Praveen Kumar Ullengala, Srikanth Jatla, Shaik Shah Nawaz

Abstract


Previous studies have presented convincing arguments that a frequent pattern mining algorithm should not mine all frequent patterns but only the closed ones because the latter leads to not only a more compact yet complete result set but also better efficiency. However, most of the previously developed closed pattern mining algorithms work under the candidate maintenance-and test paradigm, which is inherently costly in terms of runtime and space usage when the support threshold is low or the patterns, become long. In this paper, we propose, a new pattern mining algorithm by appending back scan pruning technique to the coherent rule algorithm which will discover domain knowledge report using coherent rules, where coherent rules would be discovered based on the properties of propositional logic, so it does not require background knowledge to generate rules.

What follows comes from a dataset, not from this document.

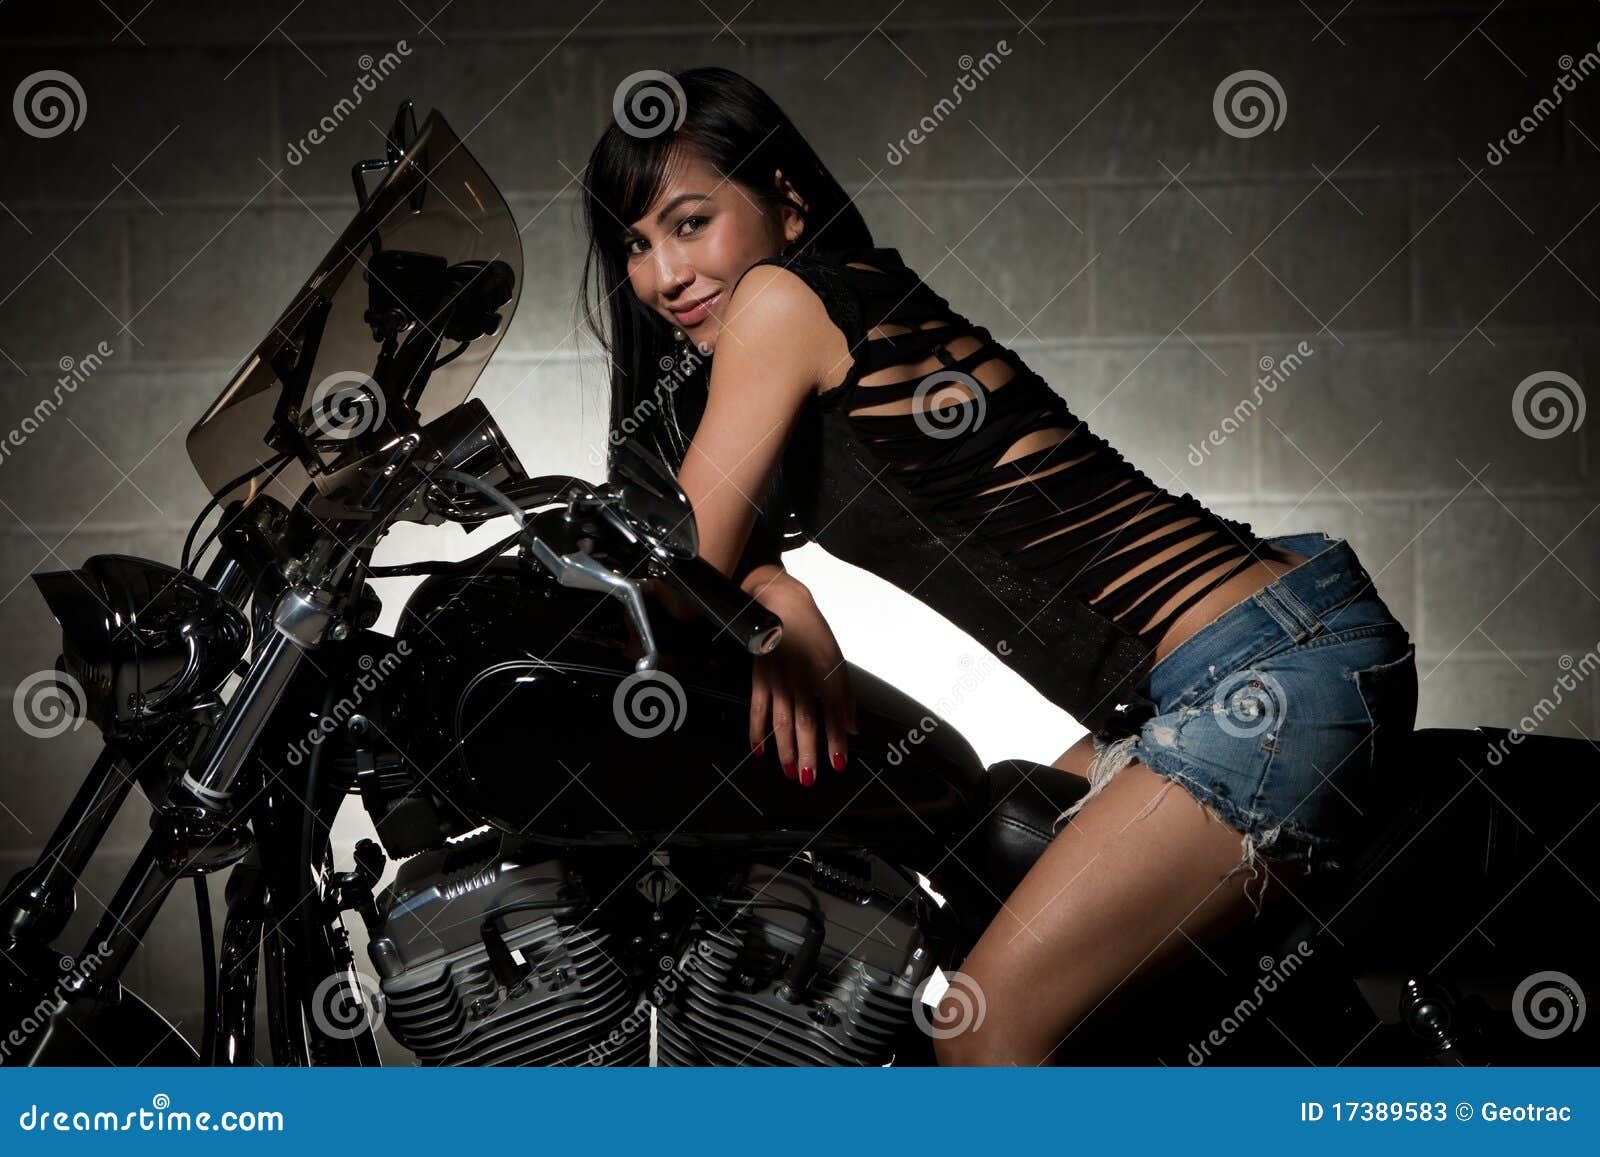 attractive thirties asian woman riding motorcycle

Coherent rule algorithm generates both frequent and infrequent rules. The aim of this paper is to generate only frequent rules. This new approach of back scan pruning technique prunes all the infrequent rules which results in fast retrieval of the rules, saves memory space and process time. This paper proposes the use of both upward and downward closure property for the extraction of frequent item sets which reduces the total number of scans required for the generation of coherent rules.

Keywords


Associations Rule, Propositional Logic, Implication, Candidate Sets, Frequent Item Set, Pruning.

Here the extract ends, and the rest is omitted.